Economisch gezien bestaan er binnen de Vlaamse landbouw grofweg twee types boeren. Het eerste type produceert voor de agro-industrie, de voedingsnijverheid. Deze boer is een prijsnemer. De export van agrarische producten waren in 2022 goed voor 11,2 procent van de totale export. Wellicht uit onwetendheid is de gemiddelde Belg (nog) niet trots op het feit dat het (kleine) België wereldwijd de grootste exporteur is van diepvriesaardappelproducten en -groenten. De voedselverwerkende nijverheid biedt tewerkstelling aan meer dan 100.000 mensen.

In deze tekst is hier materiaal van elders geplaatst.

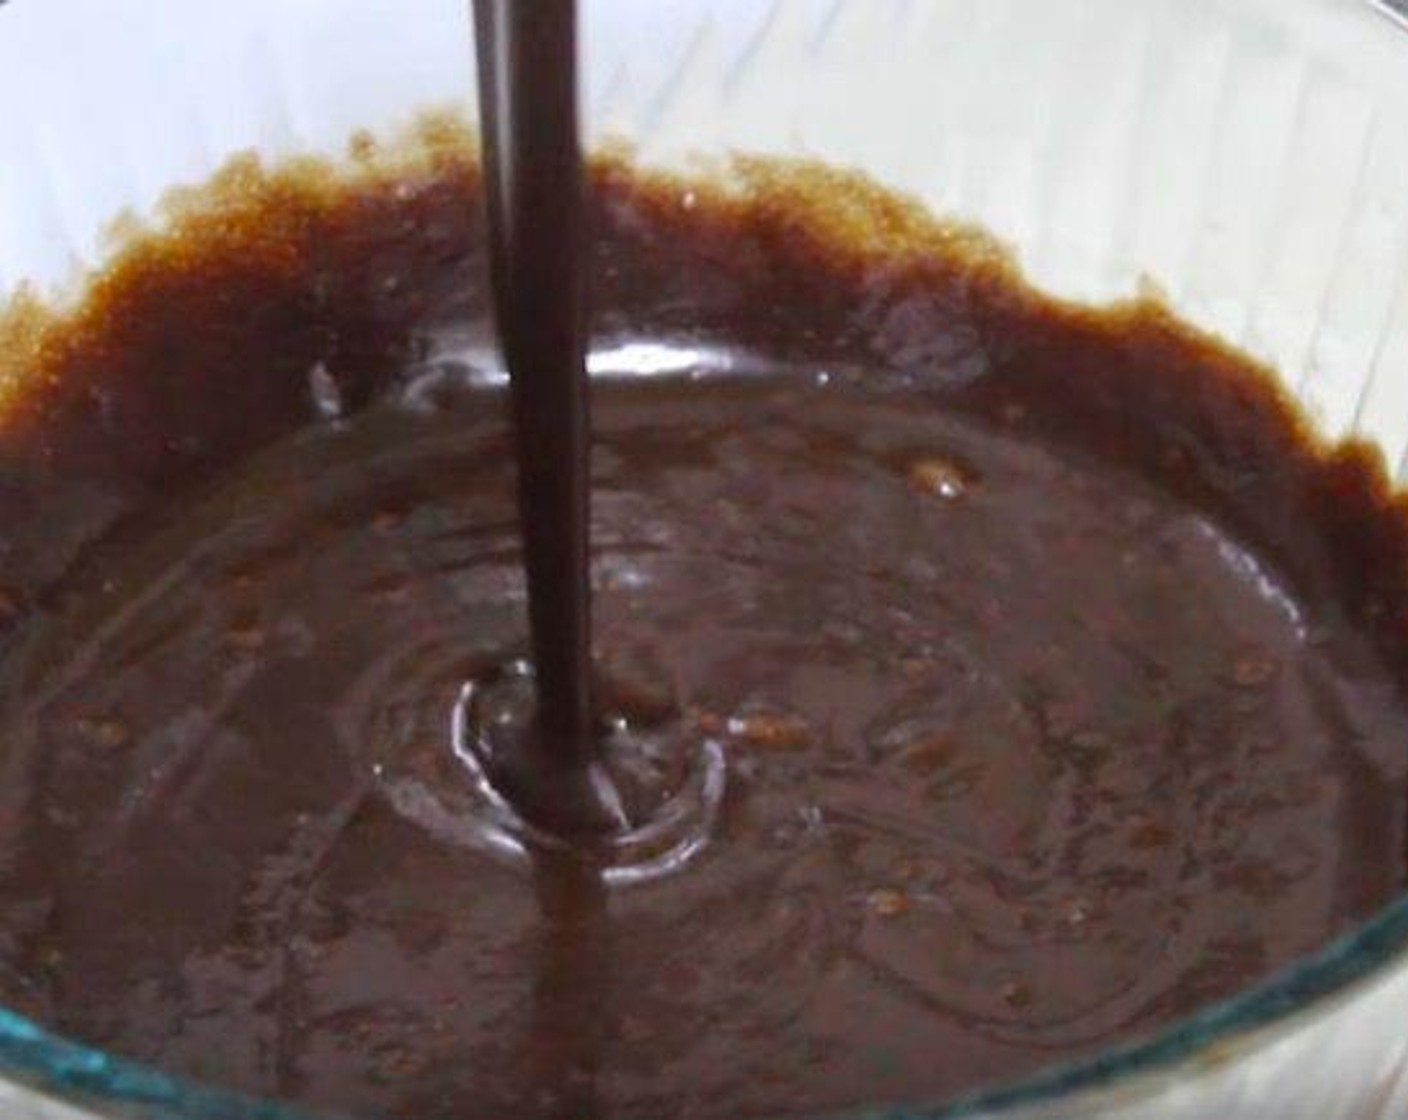 step 2 In a mixing jug, add Eggs (2) and Vanilla Extract (1 tsp). Whisk to combine. Add egg mixture to the chocolate mixture and whisk again until smooth.

Het tweede type boer is de niche-producent. De boer die bijvoorbeeld onderneemt binnen de korte keten. Dit type van voedselproductie botst evenzeer op zijn limieten. Willen we bijvoorbeeld de bevolking van stad Antwerpen enkel voeden met lokaal geteelde producten, dan is er geen productieruimte genoeg binnen een straal van 50 kilometer rondom Antwerpen. Tot op zekere hoogte is dit type boer een prijszetter. Stellen dat dit de toekomst is voor alle landbouwers is manifest onjuist: in deze situatie worden ze immers terug prijsnemer door de concurrentie met de boer-buurman.

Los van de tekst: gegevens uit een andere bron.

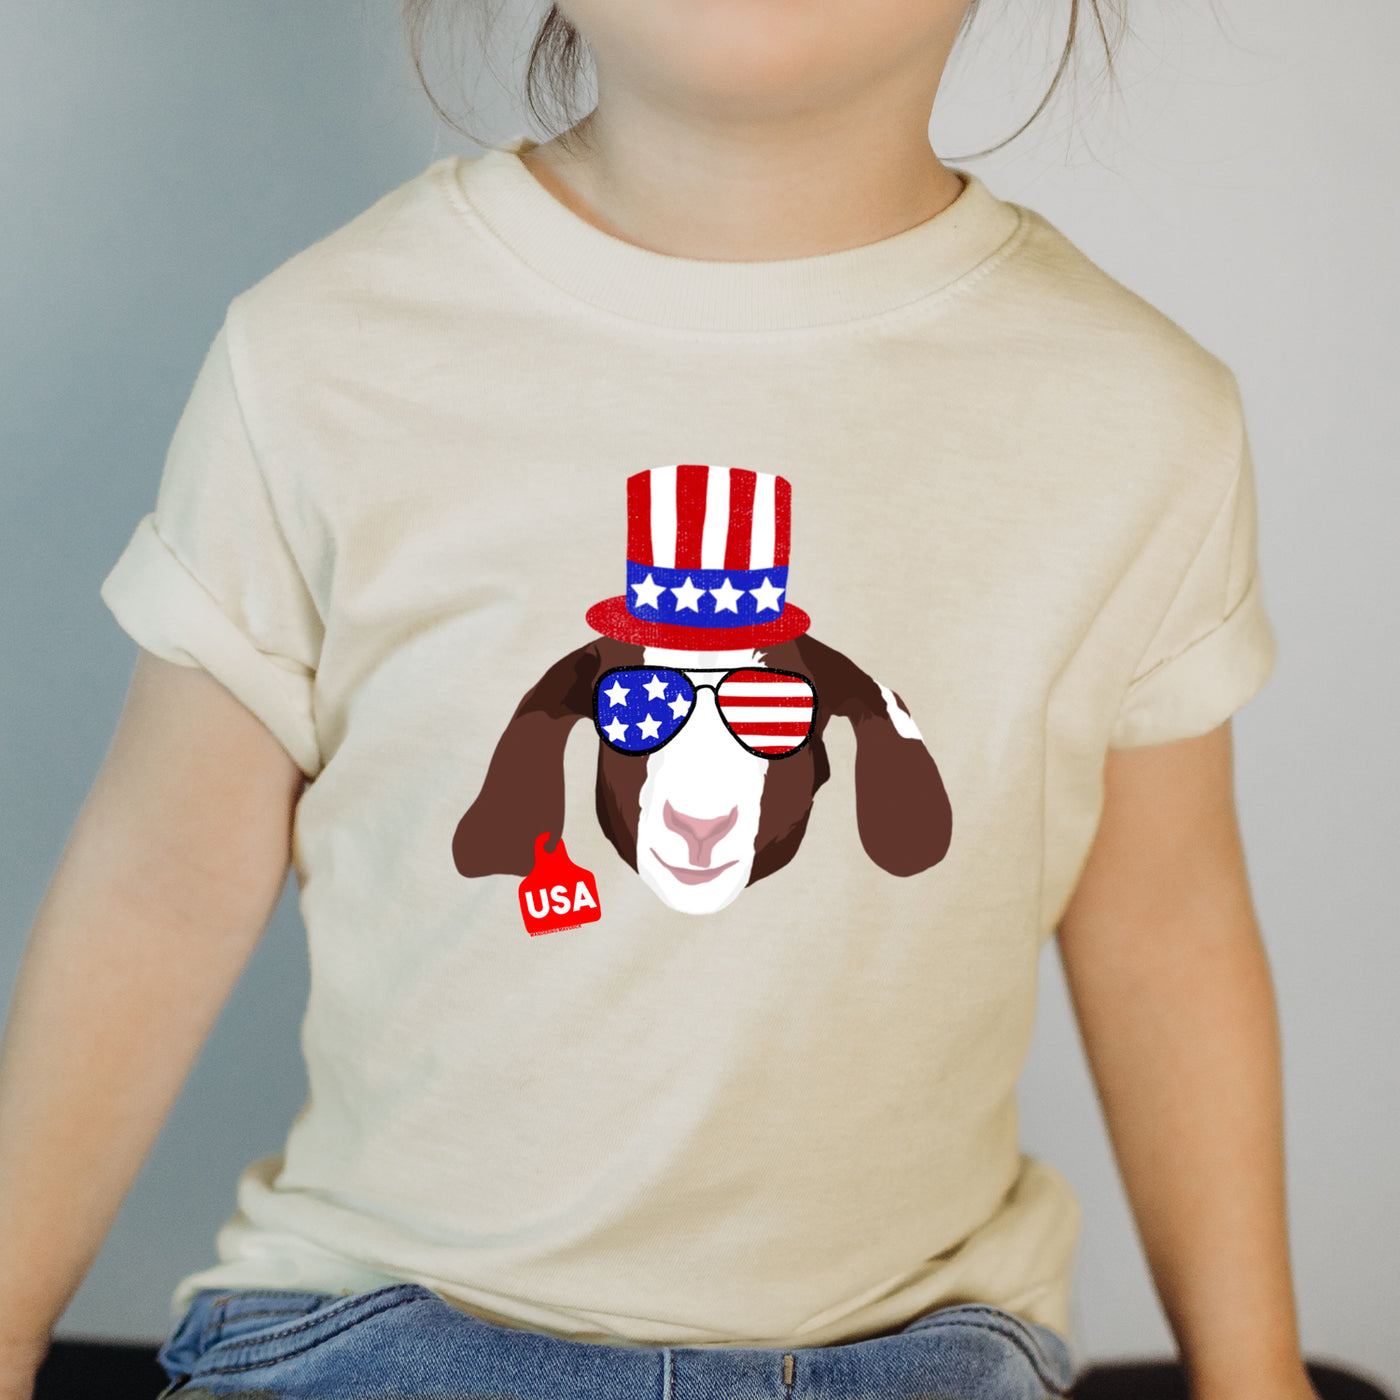 Red, White & Blue Goat One Piece/T-Shirt (Newborn - Youth XL) - Multiple Colors!

Wanneer duurzaamheid verengd wordt naar het ecologische aspect ontstaat, onterecht, al vlug de breuklijn landbouw-natuur. Hoe intensiever men echter kweekt of teelt, hoe efficiënter het systeem omgaat met land- en watergebruik. De voorbeelden zijn legio: Kippen met uitloop hebben 25 procent meer voer nodig dan de gangbare kippen, ze stoten meer stikstof uit, ….Als keerzijde van de medaille van een productieve intensieve veeteeltregio worden deels terecht onder andere de stikstofemissies en/of de nitraten in het oppervlaktewater aangehaald. Er gaat in de maatschappelijke discussie en de wetgeving veel aandacht naar de hoeveelheid stikstof die de landbouw, de industrie en het verkeer uitstoten in de atmosfeer. De invloed van de huishoudens via de riolering wordt echter niet mee in rekening gebracht.

Ook hondendrollen schadelijk voor natuur
7 februari 2022De invloed van de mens in bijvoorbeeld natuurrecreatie werd door Prof. De Frenne (UGent) wetenschappelijk onderzocht. De stikstof uit hondendrollen zijn in de vier belangrijkste Gentse natuurgebieden verantwoordelijk voor de helft van de stikstofdepositie in deze natuurgebieden. Het is genoegzaam bekend: Arcelor Mittal in Gent stoot meer CO2 uit dan de totale landbouwsector in Vlaanderen. De politiek geeft het staatsbedrijf, terecht, de kans om te werken aan CO2-reductie zonder direct de omvang van de productie ter discussie te stellen. Waarom zou de veehouderij die kans niet mogen krijgen?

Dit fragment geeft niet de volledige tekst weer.